A media query is a CSS technique that tells a webpage to display specific elements only if a certain condition is true. This means, that when a web page is fetched, the page discovers what the conditions of the device are — for example, what the resolution of the screen is. If the media query discovers that a page is being displayed on a handheld or mobile device with a portrait view, it will display HTML elements such as header tags and the following content, or other page links to that condition, such as: displaying the webpage in a vertical scroll. If the media query discovers that a screen has a landscape orientation and a larger screen, the page will display with a horizontal view that best fits the screen resolution.

Responsive CSS and HTML

Creating responsive web design is done through CSS and HTML to resize, hide, or shrink or enlarge to scale, and make content fluid and movable to meet the needs on any screen or browser size. 

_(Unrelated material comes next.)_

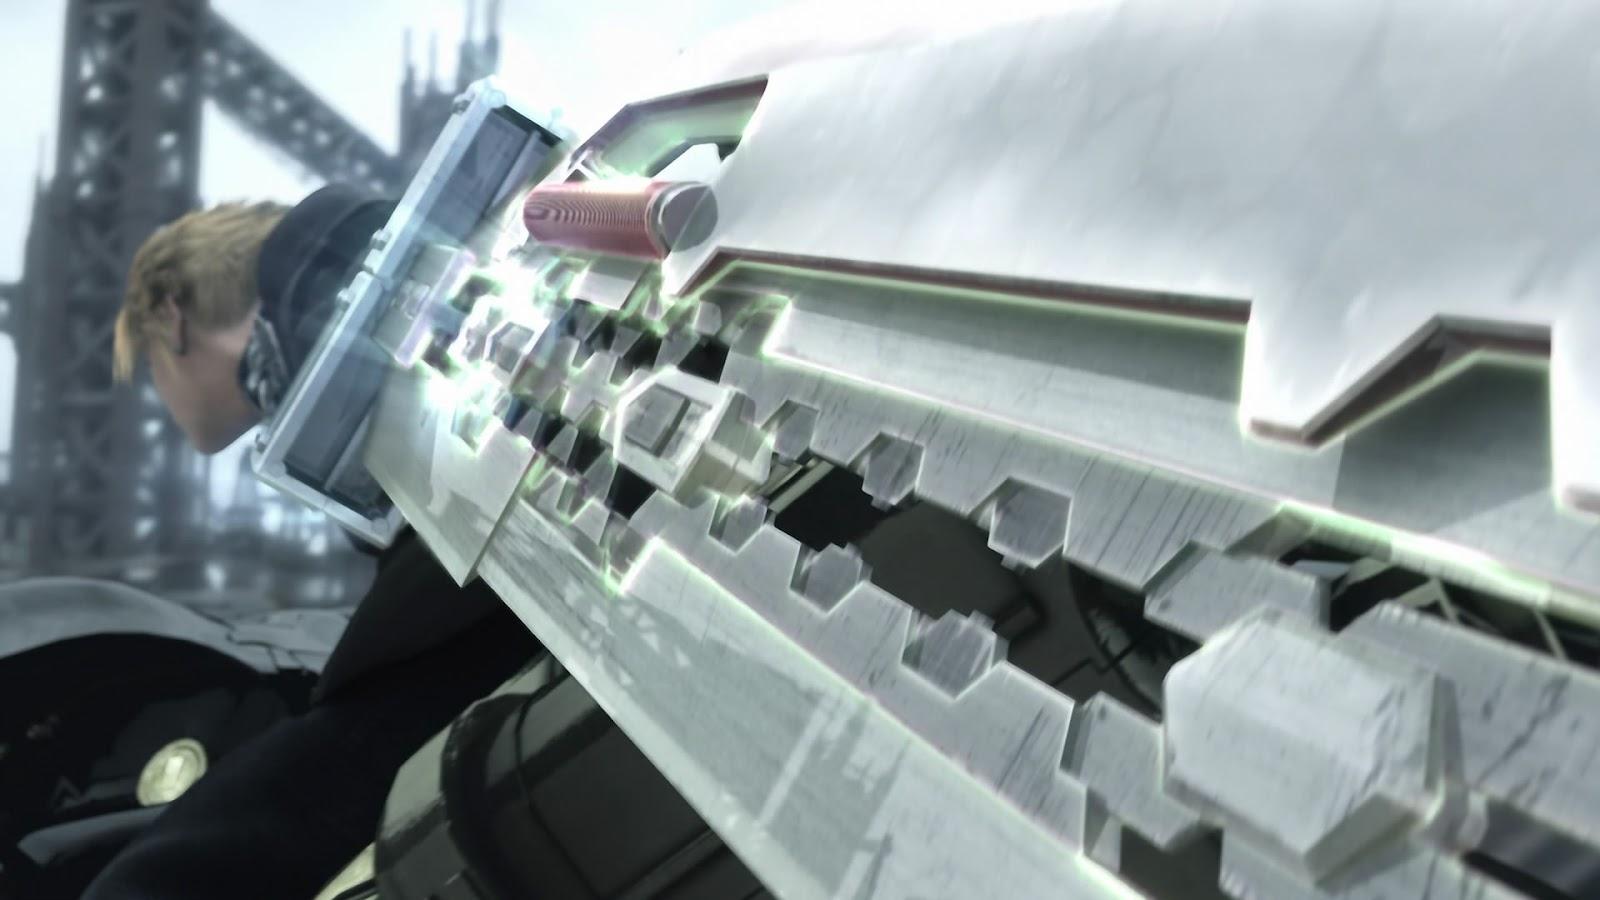 FinalFantasyVIIwallpapers Final Fantasy VII Wallpapers in HD 1080p 1600x900

Flexible and Responsive Images and Content

Images and content can now be automatically and fluidly adjusted so that the layout never breaks. This means that images and content can scale to size, or may rotate from portrait to landscape orientation. The fluid grid layout may also:

  • Hide and reveal portions of images or bodies of text;
  • Create tabs or sidebars for bodies of text;
  • Create sliding composite images;
  • Foreground images that scale with the layout.

It is important to note that responsive web design is not plug-and-play. Images, logos, and text still need to be considered for how they will react to a fluid grid. Images could appear as low quality, or text may become unreadable. This curation of page elements in the context of responsiveness is what makes the responsive approach to designing web pages for humans unique.

The Future of Responsive Web Design

With the changing landscape of technology and devices and the adoption of different capabilities of interactions such as touch screens, voice commands, and local search becoming more common on a variety of devices, the solutions and designs to making web pages as accessible and user-friendly will continue to develop. Responsive web design is probably not the final answer in meeting user expectations on webpages, but is simply a step in the ever-changing world of devices and creating mobile-friendly experiences online.

Responsive Web Design Example

Responsive designs are typically used for visitors who view a website on their mobile phone or tablet and you can see some of the common sizes of these screens and how our website (pageonepower.com) responds to them.

Mobile:

Mobile P1P1

Tablet (portrait):

Tablet P1P1

Tablet (landscape):

Tablet Landscape P1P1

These responsive designs help provide the best possible experience for our users.